---- Dataset content

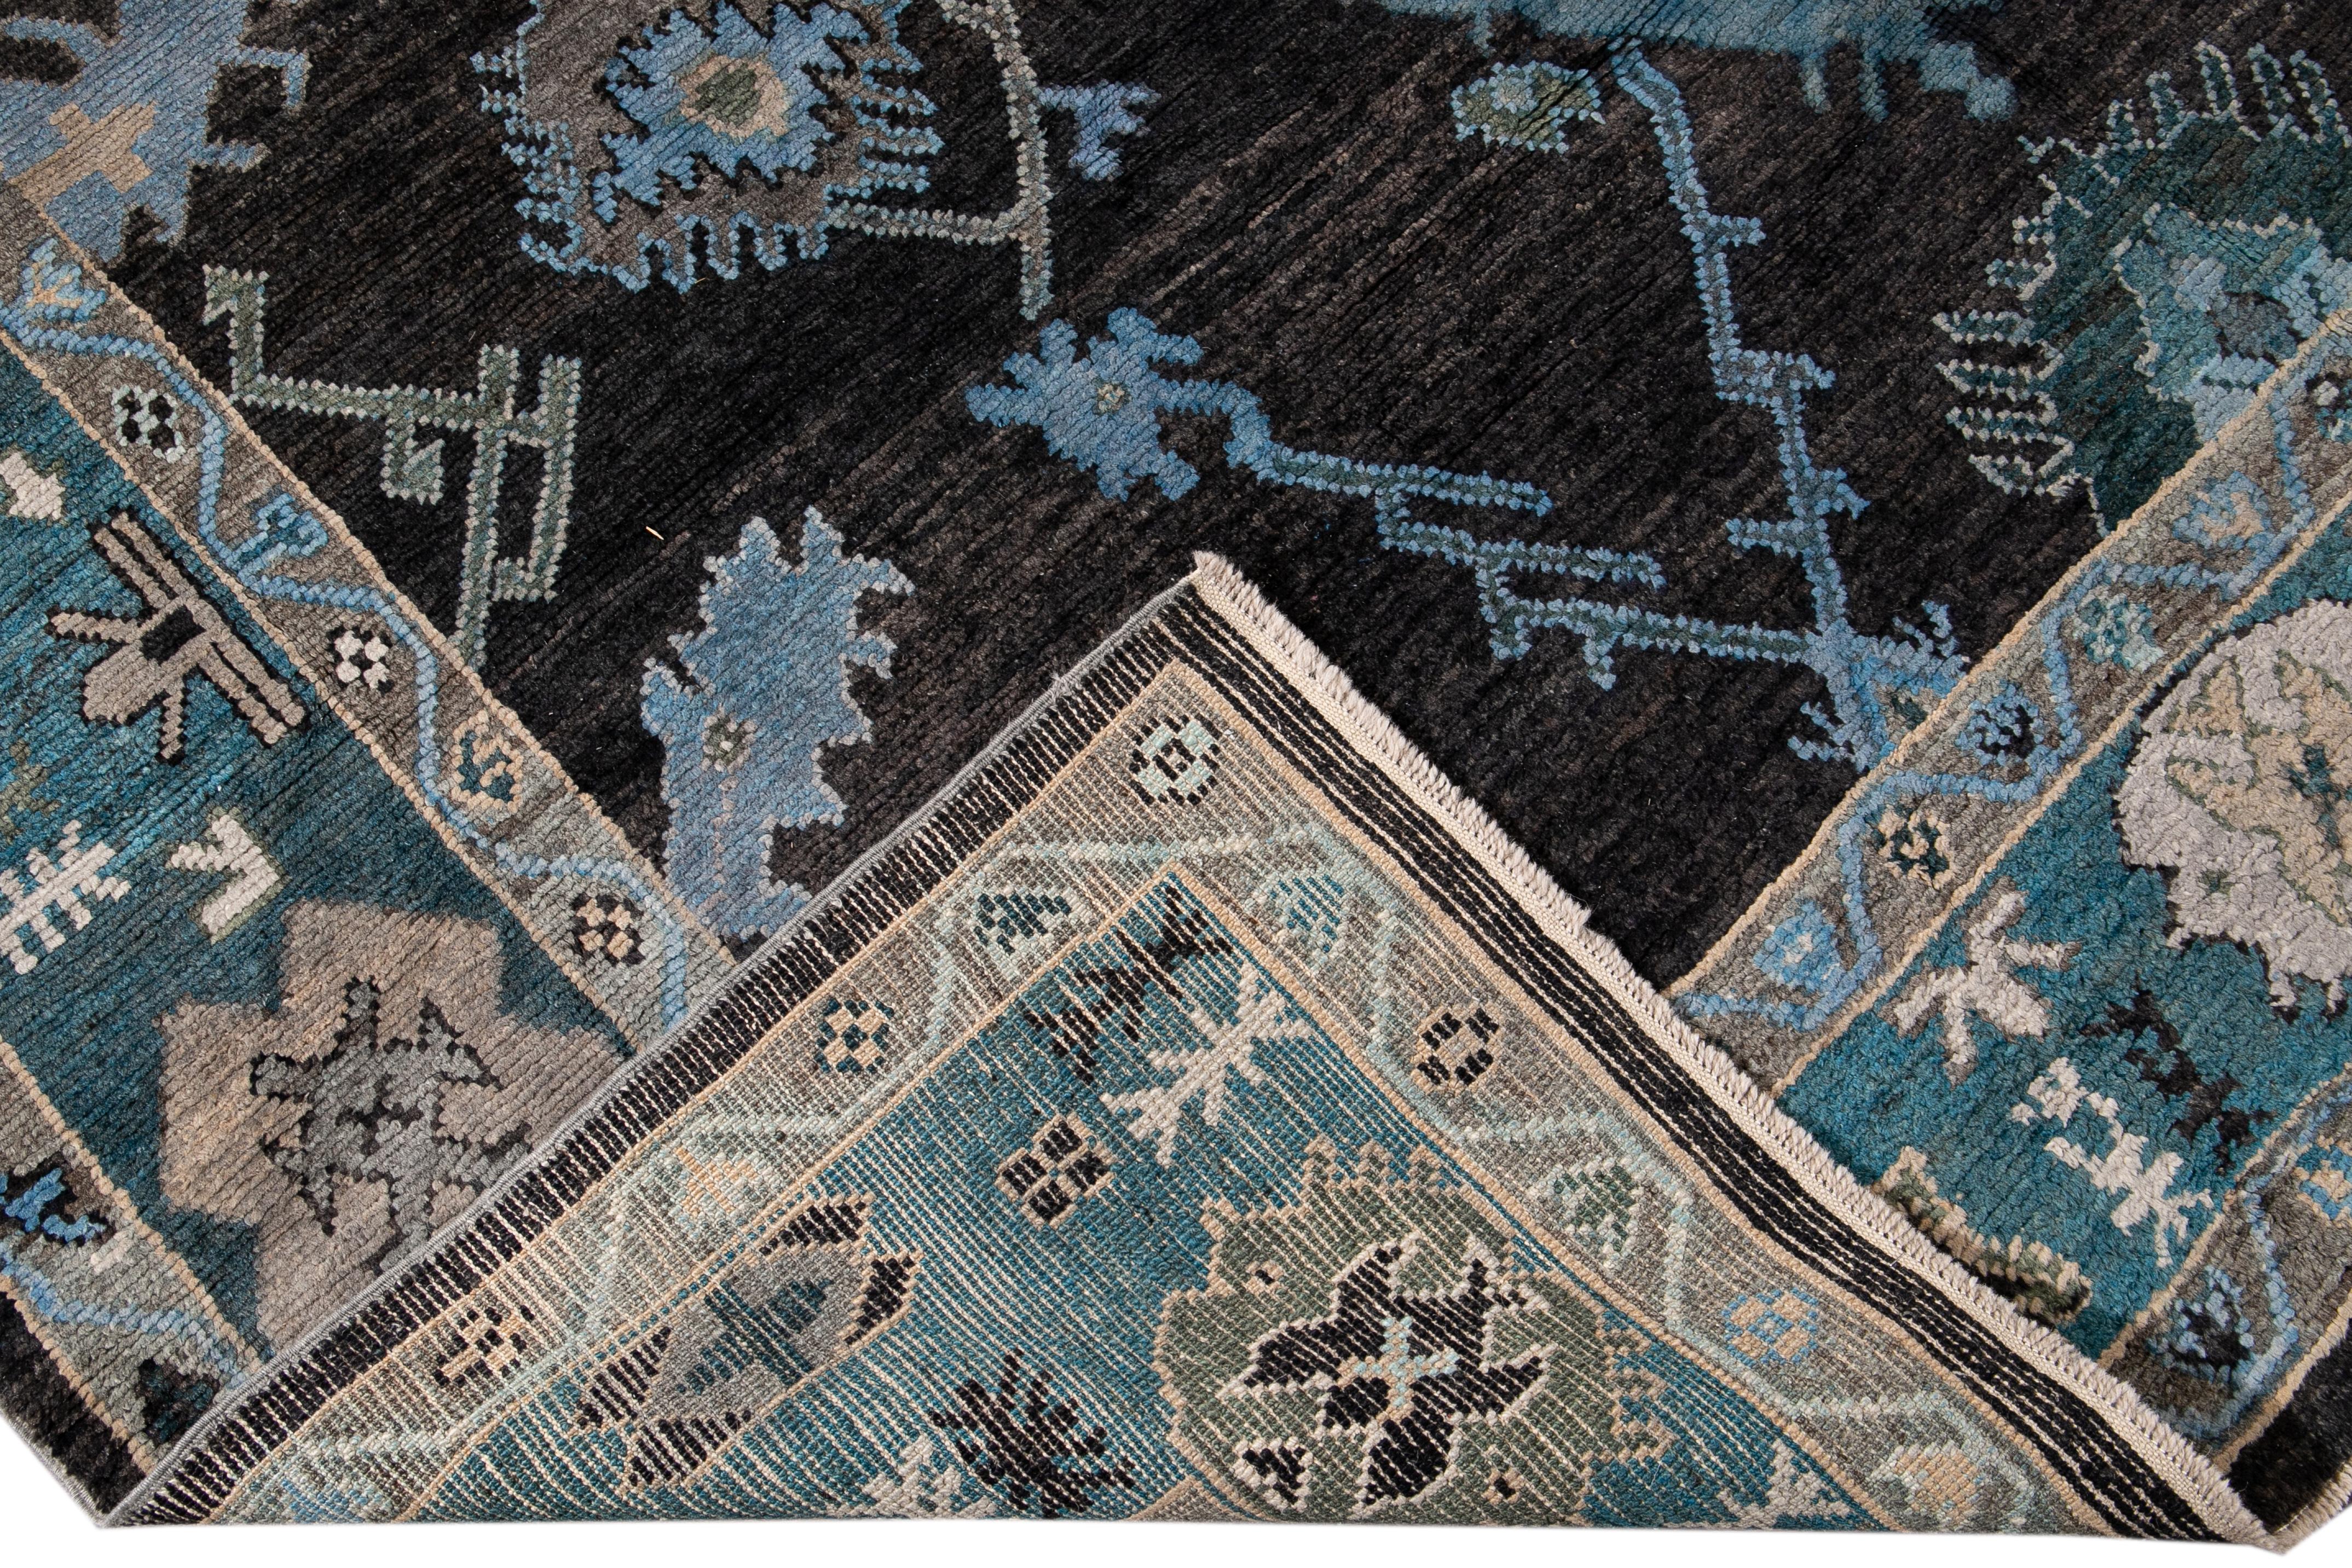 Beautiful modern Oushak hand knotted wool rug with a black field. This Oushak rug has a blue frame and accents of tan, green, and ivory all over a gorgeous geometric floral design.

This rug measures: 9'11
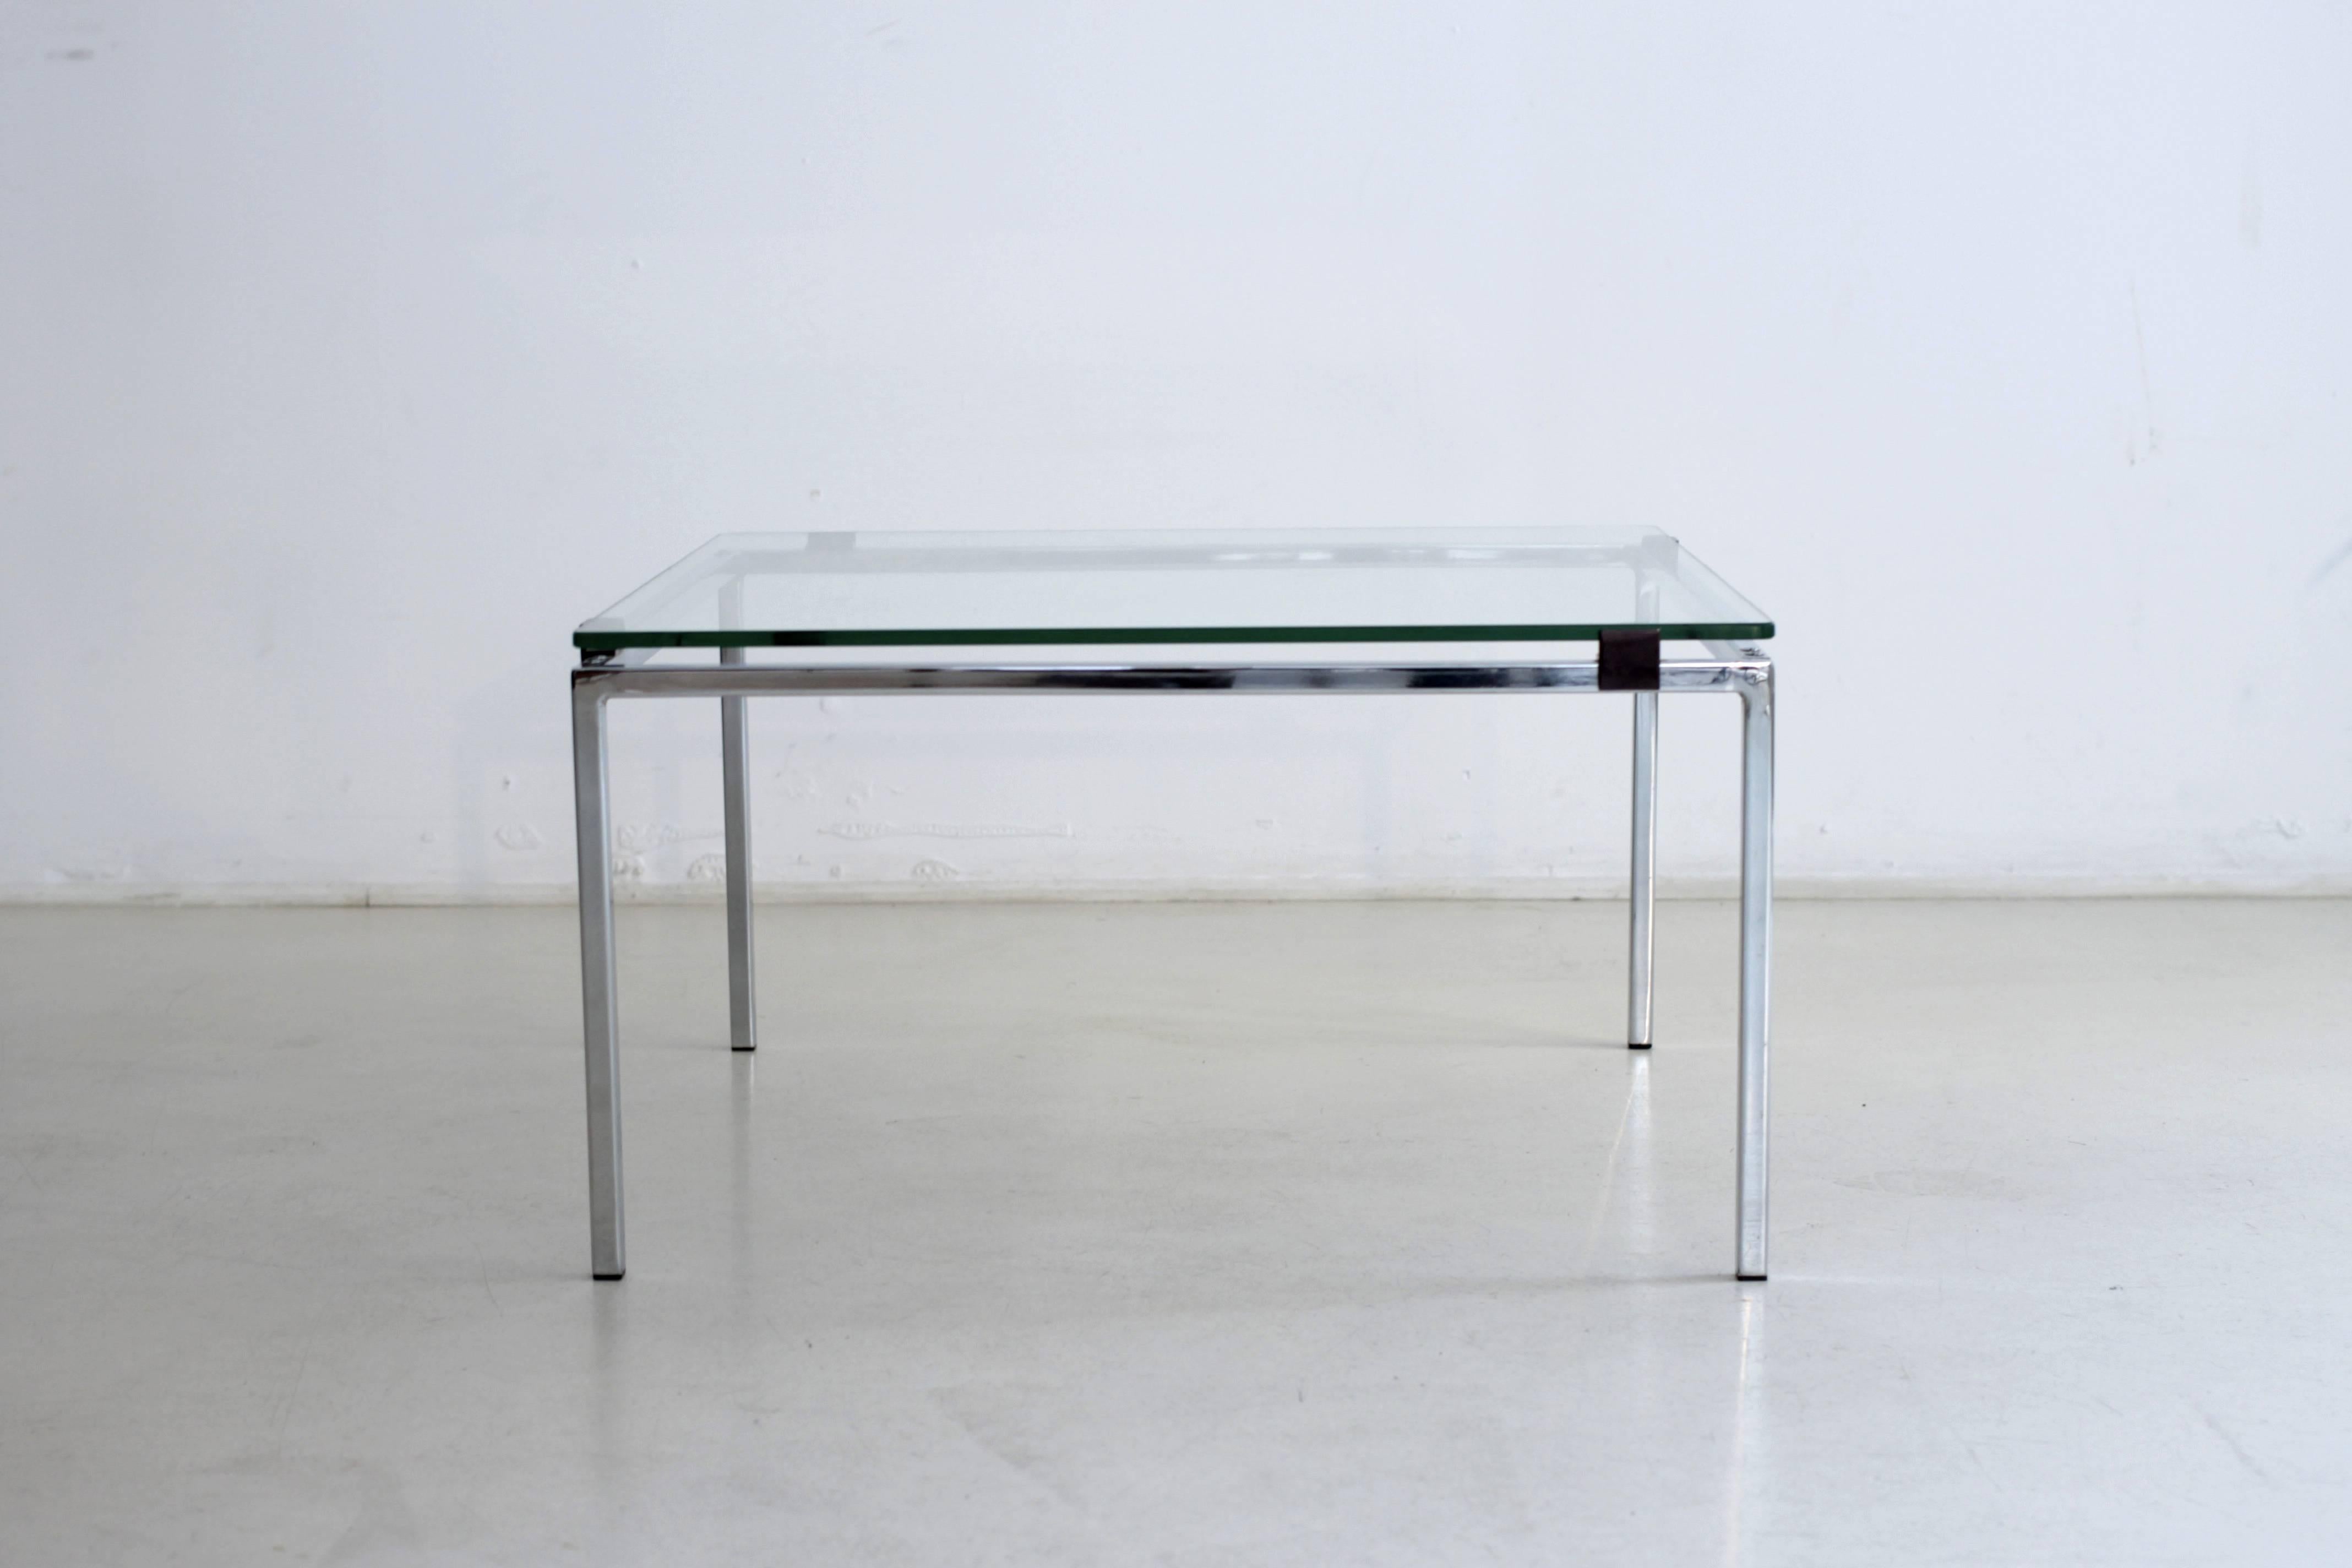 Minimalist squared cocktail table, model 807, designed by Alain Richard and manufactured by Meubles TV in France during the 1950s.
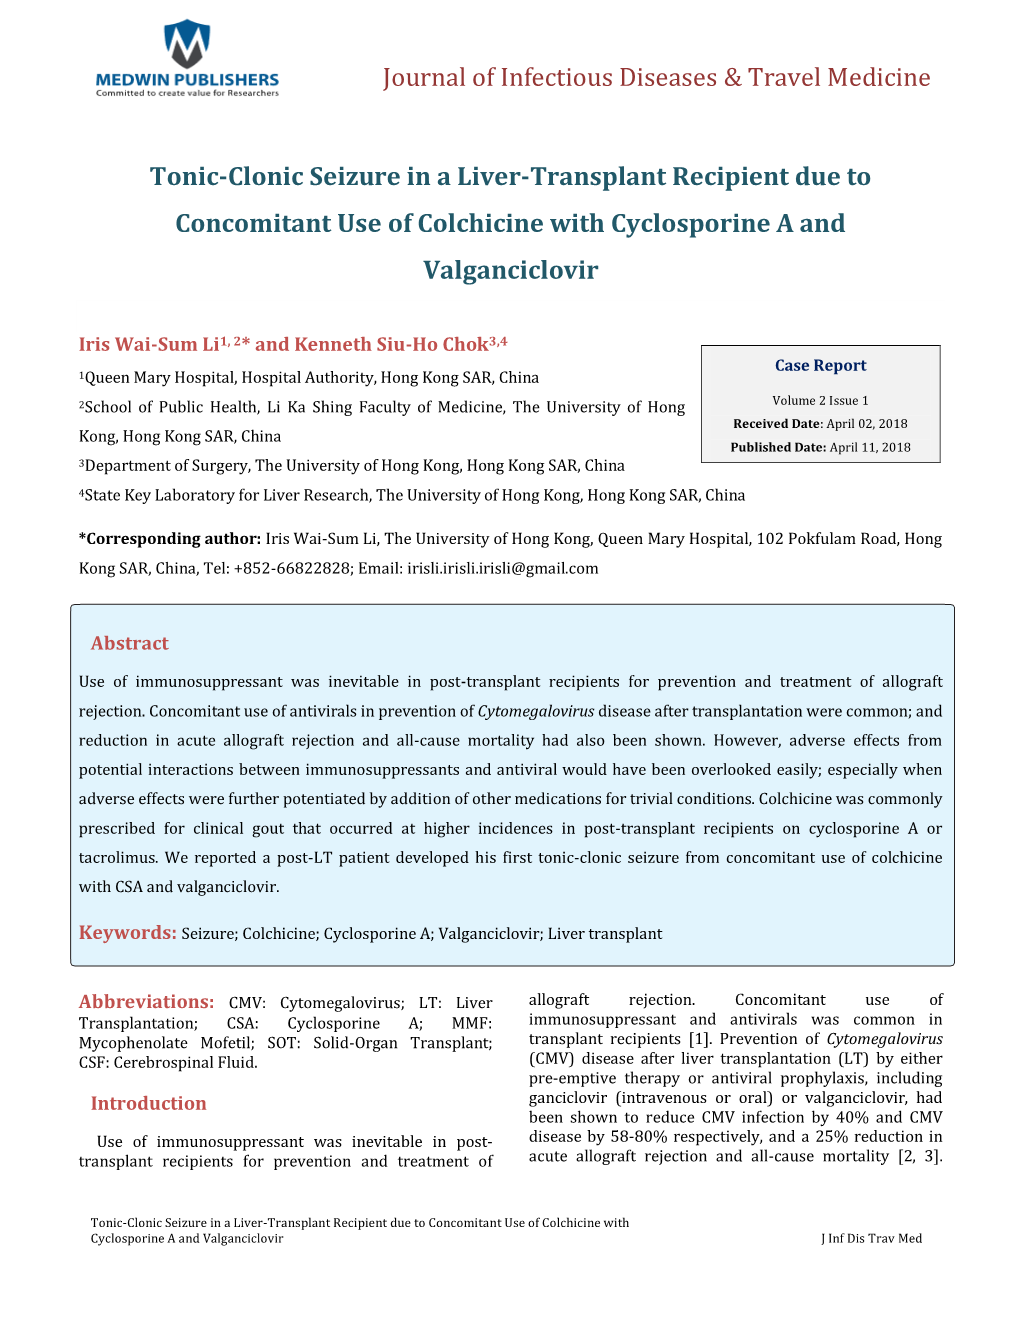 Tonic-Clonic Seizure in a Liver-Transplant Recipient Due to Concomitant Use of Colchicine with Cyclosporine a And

--------

▸ Task to carry out
Write the lines from the line containing "This rug measures: 9'11" through the last line of the data out again exactly, and only those lines; pictures stay out.

▸ Output for this exercise
This rug measures: 9'11
 Minimalist squared cocktail table, model 807, designed by Alain Richard and manufactured by Meubles TV in France during the 1950s.
 Tonic-Clonic Seizure in a Liver-Transplant Recipient Due to Concomitant Use of Colchicine with Cyclosporine a And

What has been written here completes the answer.